Предвижу и последнюю линию обороны, тонкую: произволение-де по самой своей природе не объект наблюдения, а модус его — не то, что видят, а то, чем видят; потому и не находится, и ненаходимость предсказана, и ничего не доказывает. Отвечаю двояко. Во-первых, сама аскетическая традиция свидетельствует против либертарианского прочтения собственной схемы: сосложение с помыслом происходит у страстного по страсти и не происходит у трезвящегося по навыку трезвения — то есть по состоянию, по устроению, по основаниям; вменяется же человеку то, что стало его — что нашло согласие в его устроении, — и не вменяется прилог, пришедший извне и не усвоенный. Вменение по принадлежности, а не по альтернативности: аскетика ложится на компатибилистский чертёж без зазора, и чтобы прочесть её либертариански, надо показать склейку, происходящую без оснований в душе, — чего не показывает ни опыт, ни учение. Во-вторых — и это надлежит оценить по достоинству — оборона эта покупается ценой полной капитуляции исходного довода: если свобода по определению есть ненаблюдаемый модус, то никто, никогда и нигде не имел права говорить «я переживаю свою свободу», и аргумент от базового опыта сдан своими же защитниками — добровольно и навсегда. Меня этот размен устраивает совершенно.

Прибавлю, наконец, свидетельство третьего рода. Писание не обещает человеку прозрачности собственного сердца — напротив: «лукаво сердце человеческое более всего и крайне испорчено; кто узнает его?» (Иер. 17:9); подлинное ведение сердца принадлежит не интроспекции, а Богу: «Ты разумеешь помышления мои издали... испытай меня, Боже, и узнай сердце моё» (Пс. 138:2, 23). И данные нейронауки, рассмотренные в своём месте, согласны: паттерны, определяющие решение, складываются прежде, чем субъект осознаёт выбор, — сознательное переживание оказывается вестником решения, а не его производителем. Так сходятся независимые линии — анализ данности, аскетика, философская интроспекция, наука и Писание — не в доказательстве онтологического отсутствия (его несут другие главы), но в единодушном низложении довода: базовый опыт либертарианства не есть опыт, подтверждаемый тренированной интроспекцией.

Оговорюсь, дабы не быть превратно понятым. Традиция монергизма не принимает метафизики буддизма и веданты. Учение об анатмане противоречит библейской антропологии, исповедующей реальность сотворённой и позванной по имени личности; адвайта с её тождеством Атмана и Брахмана несовместима с творением из ничего и онтологическим различием Творца и твари. Феноменологические наблюдения этих традиций, отделённые от их метафизических истолкований, суть ценное свидетельство об устройстве тварного сознания — не более, но и не менее. Они не доказывают истинности восточных онтологий; они опровергают либертарианский тезис о переживании автономного агента как универсальной данности самосознания.

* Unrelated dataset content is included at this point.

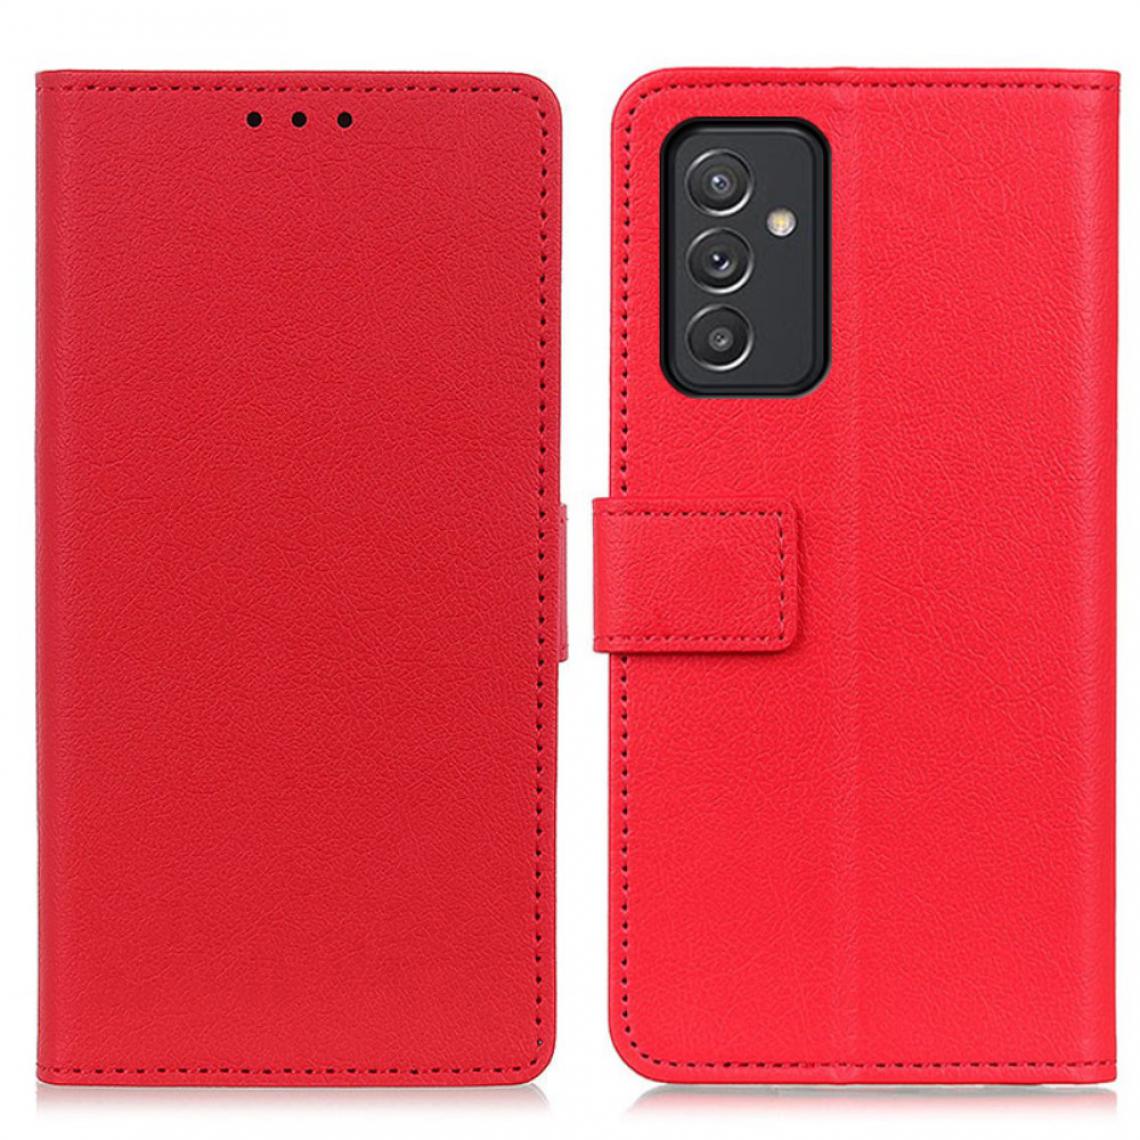 Other - Etui en PU avec support couleur rouge pour Samsung Galaxy A82 5G - Coque, étui smartphone

Проведённая полемика может породить ложное впечатление, будто опыт первого лица вовсе лишён богословского значения. Вывод этот был бы поспешен. Показано иное: обыденная интроспекция не есть аргумент, а тренированная не есть онтология; опыт сознания реален, но нуждается в истолковании, и истолкование не добывается из самого опыта — оно должно прийти извне его, из Откровения. Такое истолкование я и намерен предложить — и предложить не понаслышке. Путь мой прошёл через две созерцательные школы последовательно, не в совмещении: прежде обращения я не просто следовал даосской традиции, но годами практиковал и преподавал её методы; затем, приведённый ко Христу, я узнал изнутри христианскую молитвенную жизнь. Я знаю внехристианское созерцание не по книгам и потому имею основание судить, о чём говорю, когда сопоставляю опыты; подробно этот путь описан в моих предыдущих работах, к которым и отсылаю читателя. Опираюсь же я не только на феноменологию состояний, но и на созерцание в том древнем смысле, в каком понимали его философы: Платон в седьмой книге «Государства» описывает феорию как восхождение души, преображающее самого созерцателя; Аристотель в десятой книге «Никомаховой этики» полагает созерцательную жизнь высшим осуществлением человеческого назначения. Созерцание в этой традиции — не пассивное наблюдение, но акт, изменяющий созерцающего. Подробное описание моей антропологии читатель найдет в главе «Антропология».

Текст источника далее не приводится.